__REQUIRED WORK__: What you return should be the lines from the one with "importante case sobre" through the one with "楽しげなシンセサイザーポップの再生済みの波形" in the data below, reproduced exactly with both ends, and no pictures at all.

__EXERCISE DATA__:
____________
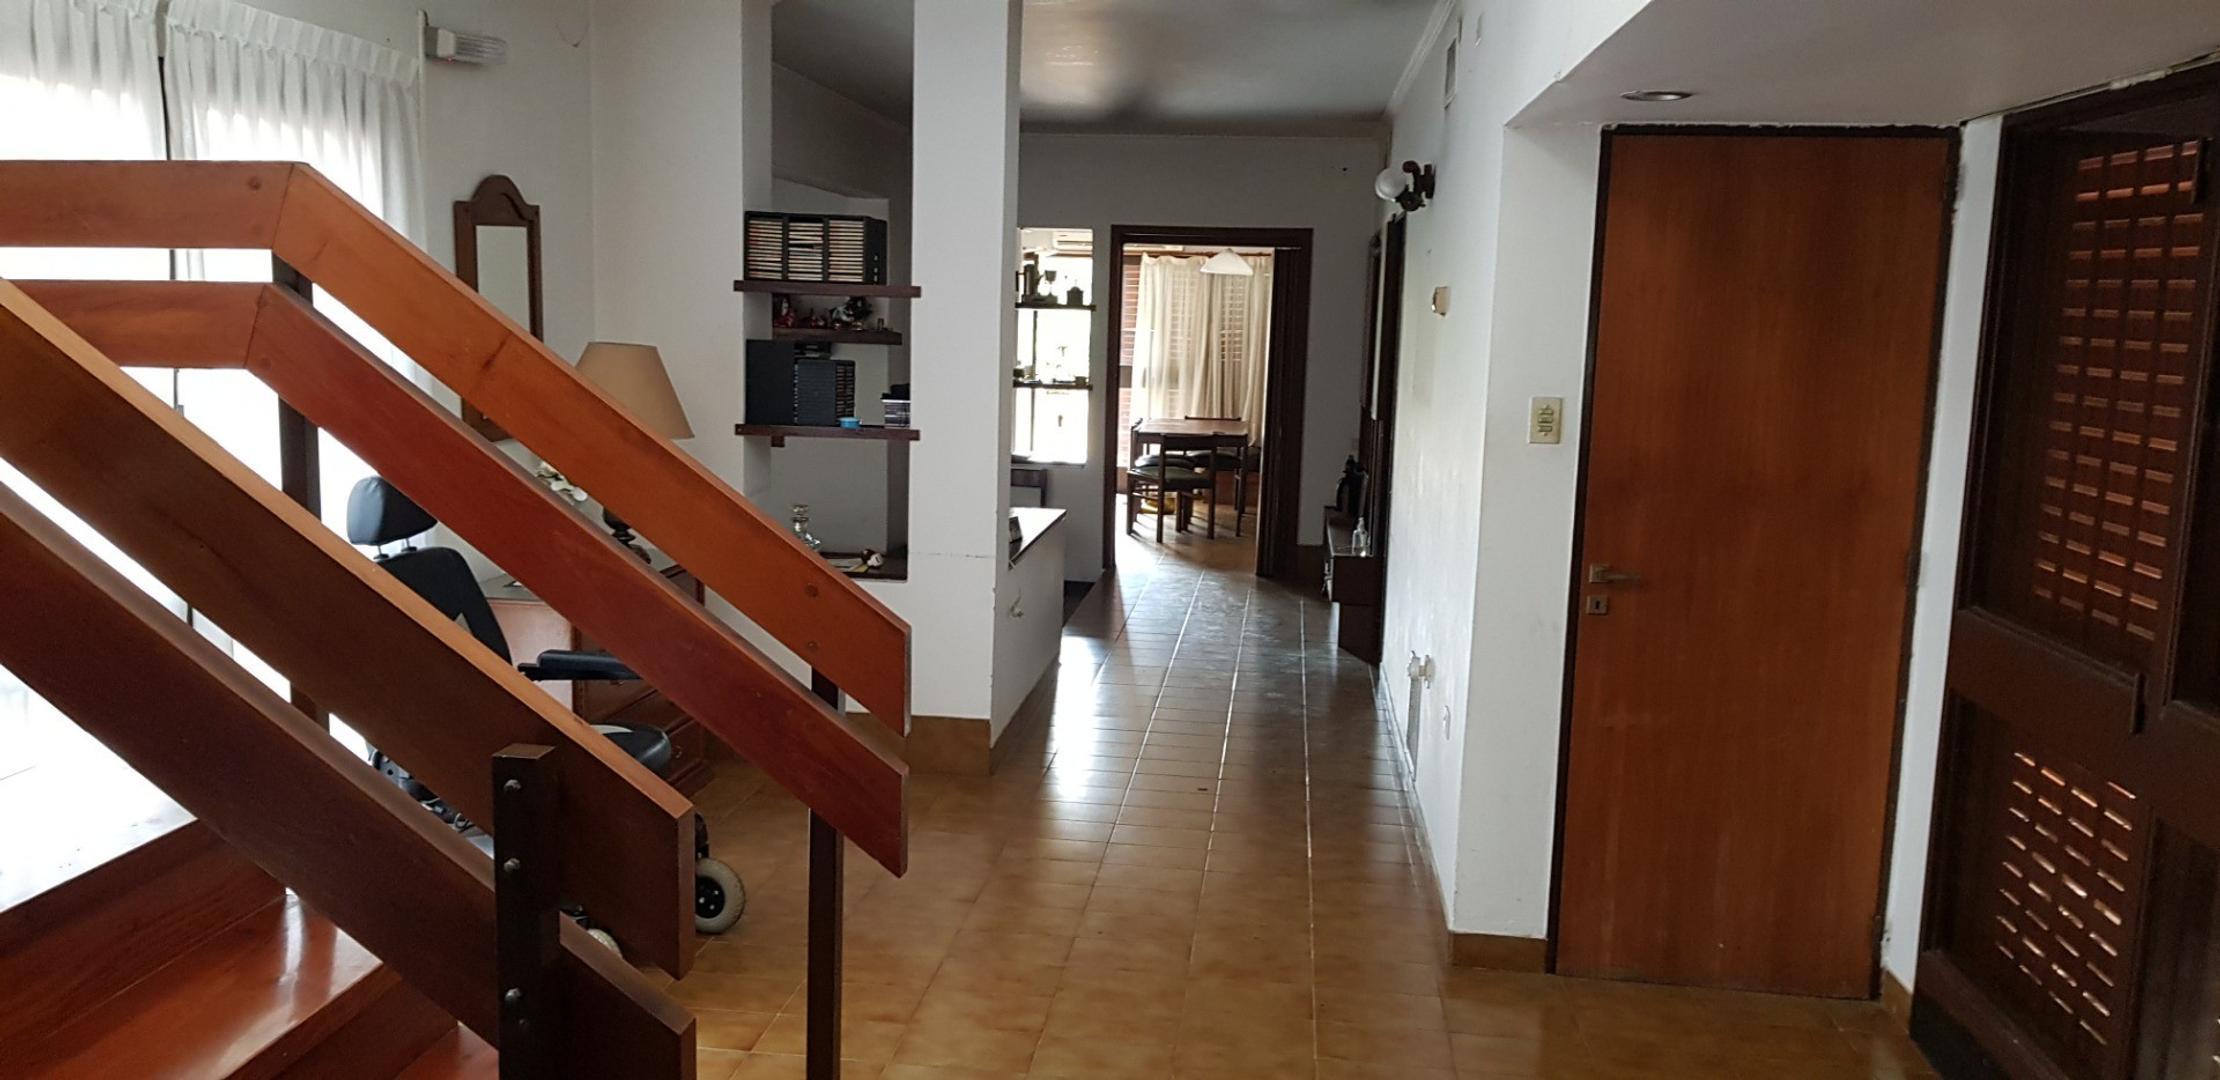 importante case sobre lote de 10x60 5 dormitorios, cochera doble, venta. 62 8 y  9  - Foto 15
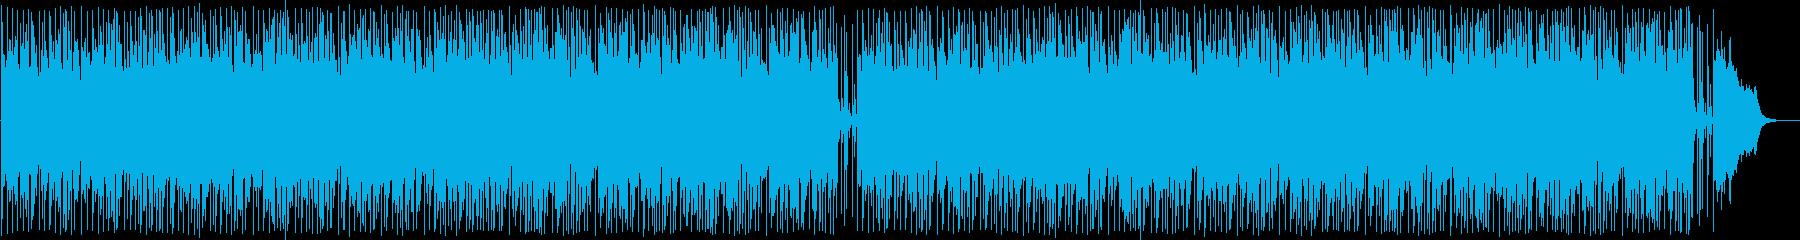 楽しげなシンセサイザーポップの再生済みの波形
____________
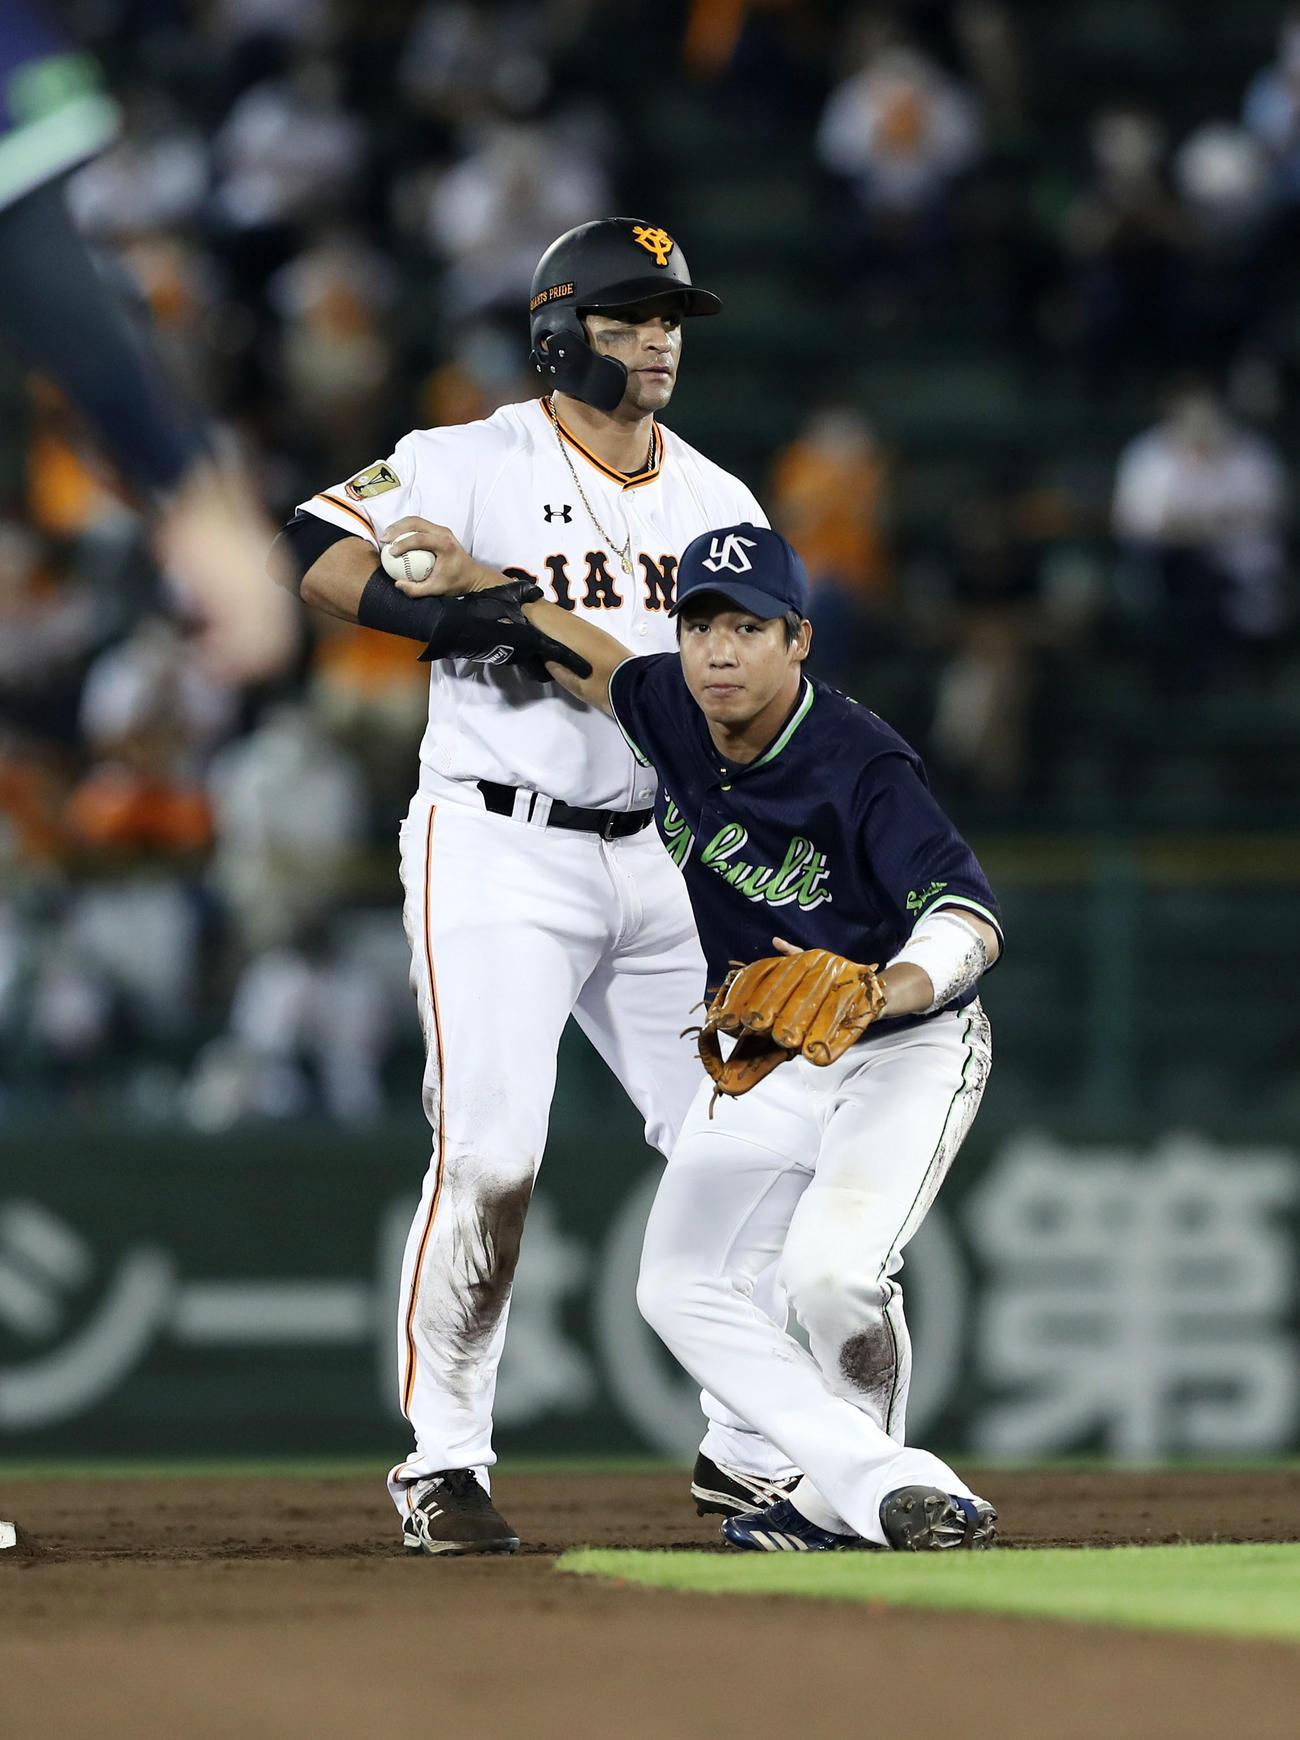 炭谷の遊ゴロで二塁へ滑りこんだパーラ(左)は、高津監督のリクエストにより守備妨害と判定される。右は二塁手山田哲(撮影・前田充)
____________
__EXERCISE ANSWER__:
 importante case sobre lote de 10x60 5 dormitorios, cochera doble, venta. 62 8 y  9  - Foto 15
 楽しげなシンセサイザーポップの再生済みの波形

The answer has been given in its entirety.